## GIVEN DATA:
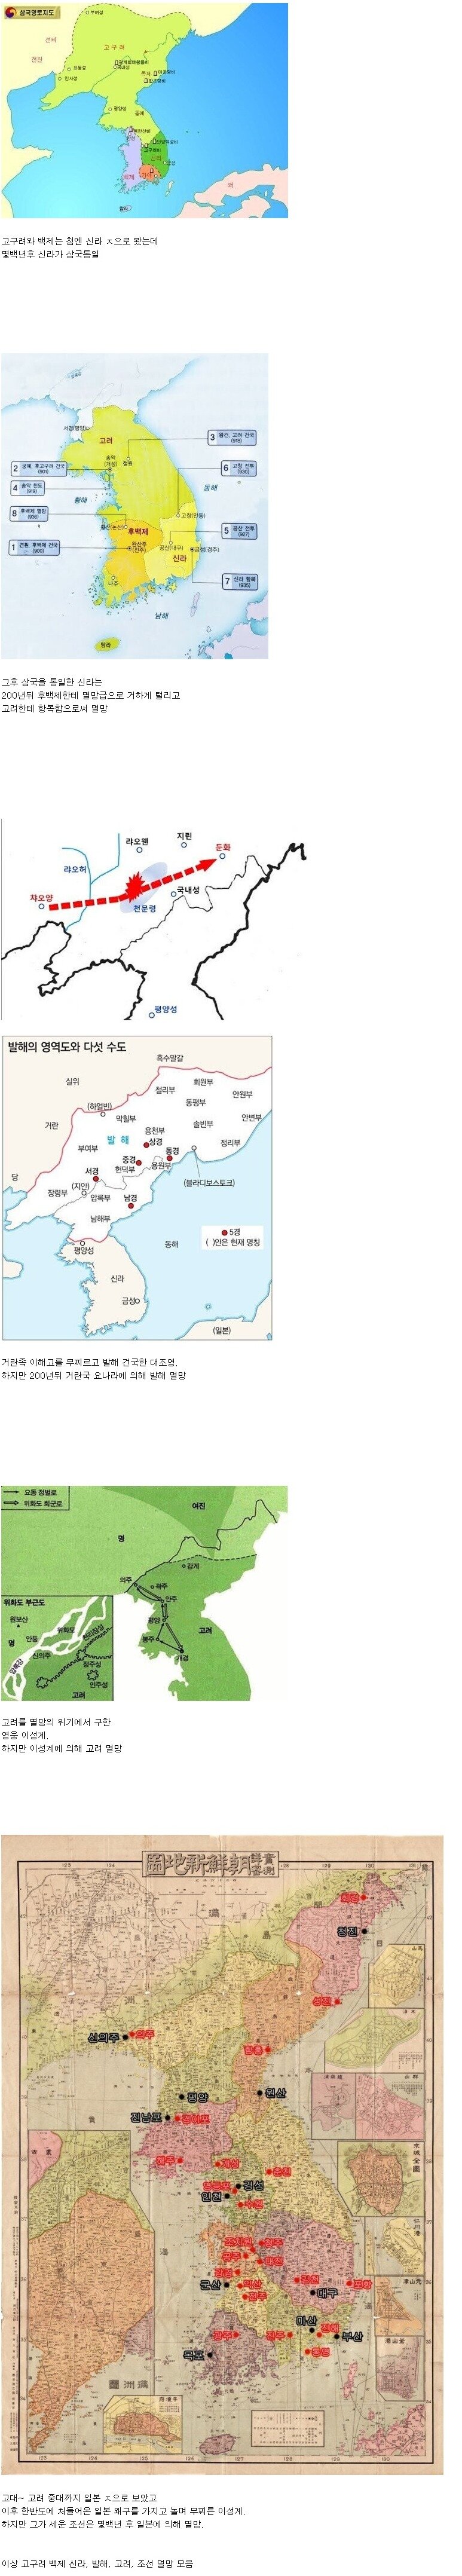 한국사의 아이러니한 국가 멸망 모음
---
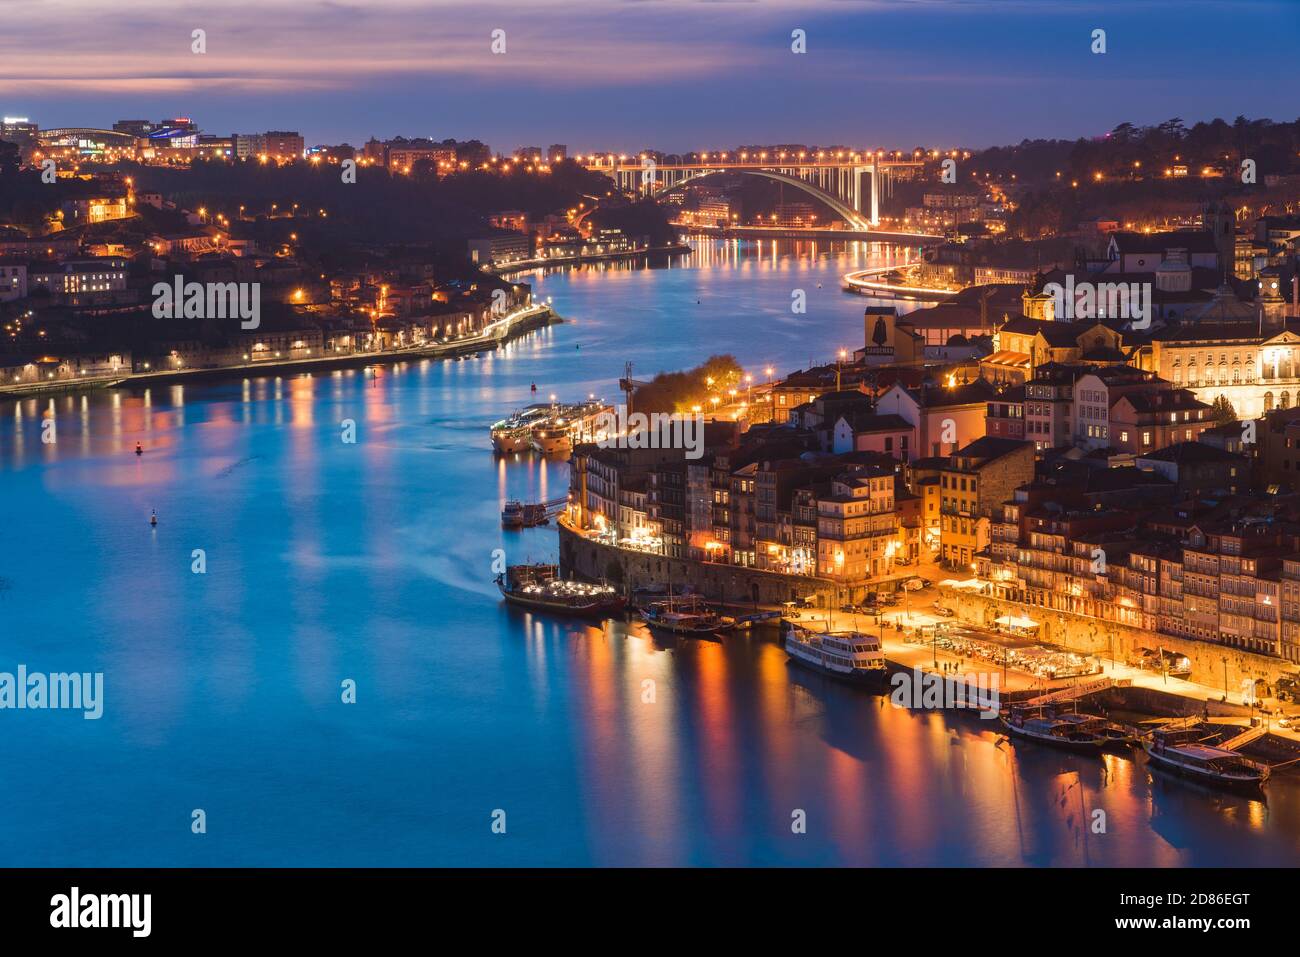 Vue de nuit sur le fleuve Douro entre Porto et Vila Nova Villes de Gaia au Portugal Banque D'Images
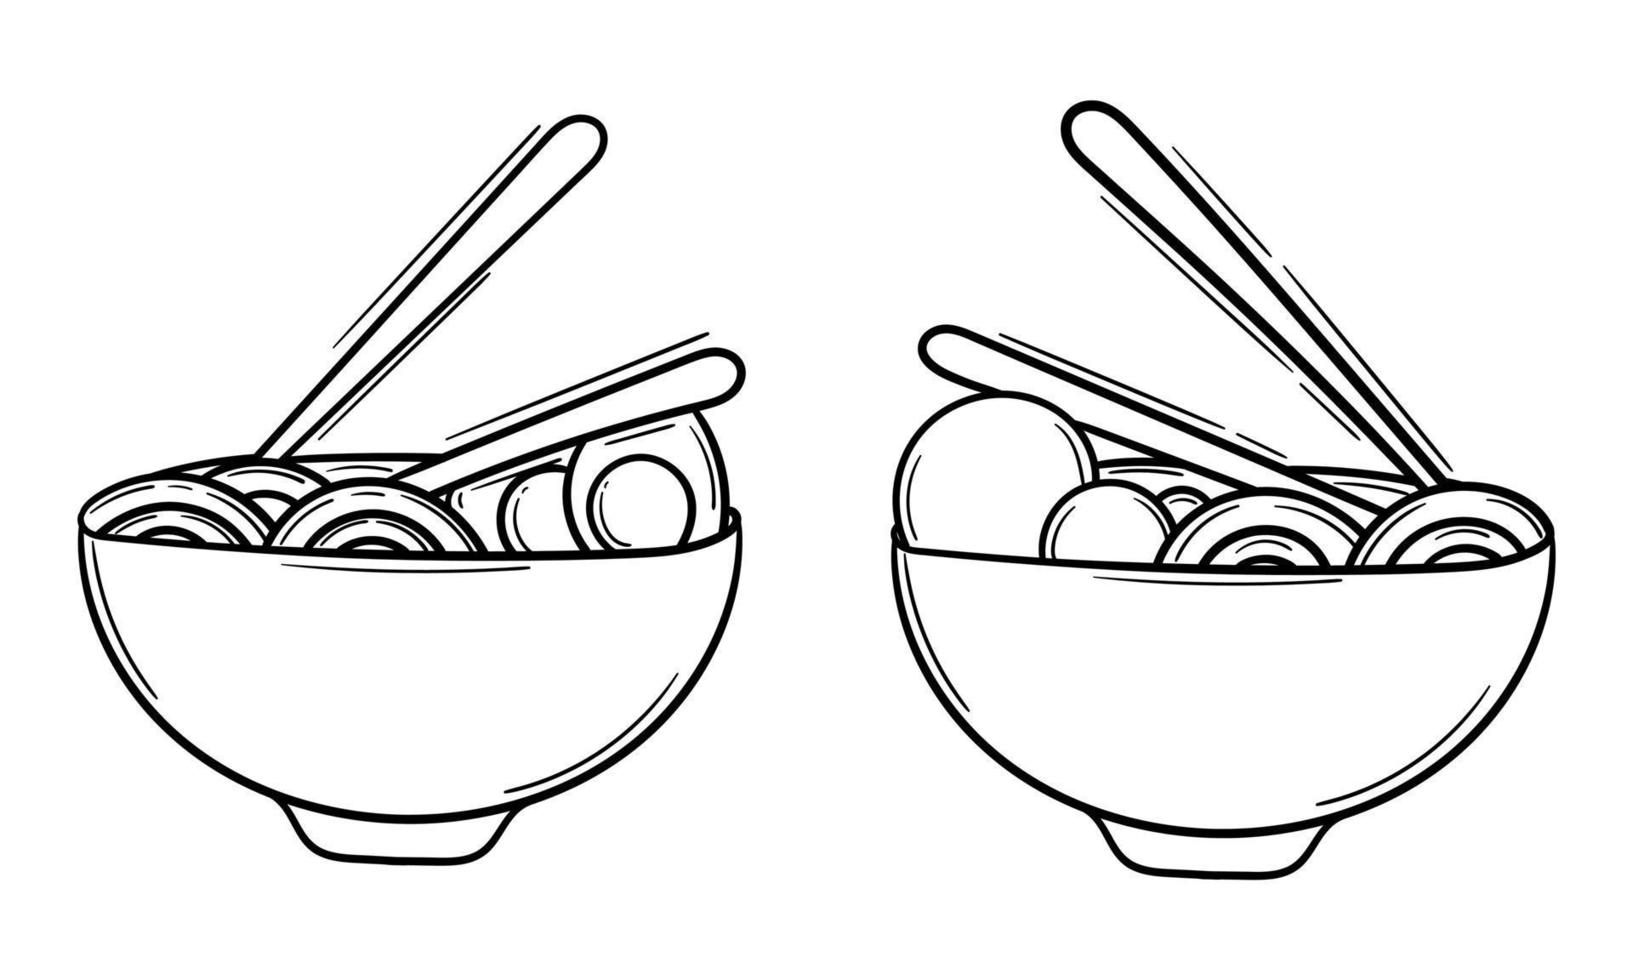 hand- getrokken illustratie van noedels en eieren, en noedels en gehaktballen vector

## INSTRUCTIONS FOR THE TASK:
Whatever pictures the records hold, omit them; give again exactly the lines from the one containing "Vue de nuit" through the one containing "hand- getrokken illustratie".

## ANSWER TO THIS TASK:
 Vue de nuit sur le fleuve Douro entre Porto et Vila Nova Villes de Gaia au Portugal Banque D'Images
 hand- getrokken illustratie van noedels en eieren, en noedels en gehaktballen vector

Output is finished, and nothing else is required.